Правда, даже в вопросе о шалашах между иудеями не было единодушия. Саддукеи, которые верили исключительно в написанный Закон, говорили, что для постройки самого шалаша необходимо использовать лимон и мирт, пальму и иву. Фарисеи, утверждавшие, что помимо письменной есть еще и устная традиция, заявляли, будто эти растения должны применяться только для церемониального покрытия. Последователи этих школ принципиально не ставили кущи рядом друг с другом.
– И все-таки, учитель, какими должны быть кущи? – спросил Иуда. – Что использовать, ветви или прутья?
– А почему бы не то и другое? – промолвил после недолгого раздумья Иисус. – В конце концов, все, что годится как строительный материал, может быть использовано. А что не положено, никто и так не возьмет: не станем же мы возводить шалаши из кипариса.

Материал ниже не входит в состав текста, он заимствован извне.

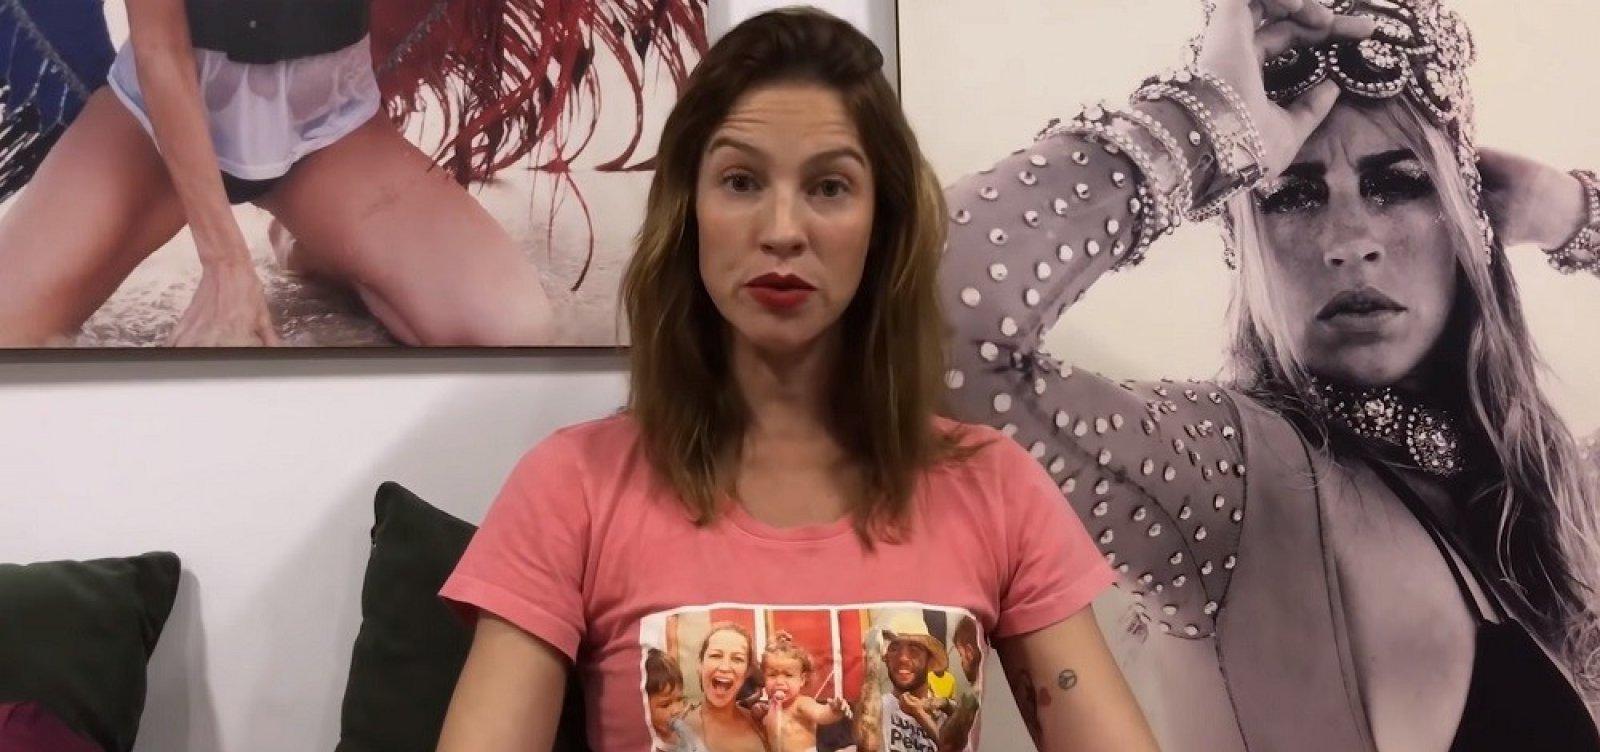 Luana Piovani estrelará reality sobre temas tabu: 'A verdade já está no meu pacote'
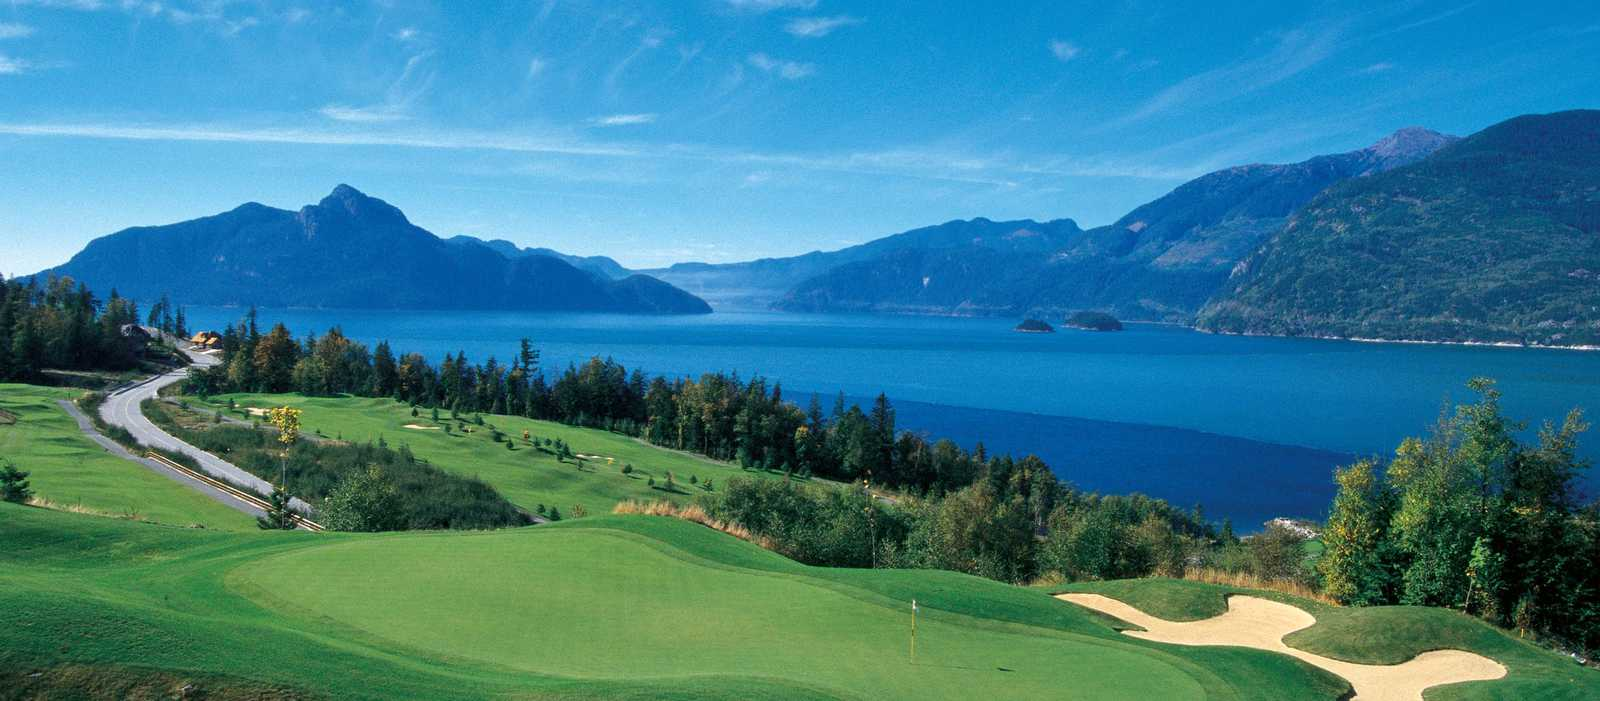 Furry Creek Golfplatz bei Vancouver

Холмы, окружавшие Вифсаиду, изобиловали деревьями и кустами. так что ученики разбрелись по склонам, собирая сучья и ветки. Вокруг было полно народу, собиравшего мирт и пальму, – люди перекликались, аукали, молодежь смеялась, парни заигрывали с девушками. Если на открытой местности зелень давно пожухла под палящим летним солнцем, то в лесу царила прохлада, и над головами Марии и ее спутников шелестели зеленые кроны тополей и дубов.
Веселые, беззаботные голоса юношей и девушек всколыхнули в ее сердце грусть.
«Неужели, – подумала она, – эти забавы уже не для меня? Все осталось позади навсегда, а ведь мне еще нет тридцати. Как быстро пролетела жизнь!»
В следующий момент Мария уже укоряла себя за слабость. Почти тридцать – это уже не юность. Многие в этом возрасте уже овдовели и живут одними воспоминаниями.
Но Иисус… Она бросила взгляд на своих спутников, ломавших прутья. Может ли он… смотрит ли он на меня иначе, чем на них?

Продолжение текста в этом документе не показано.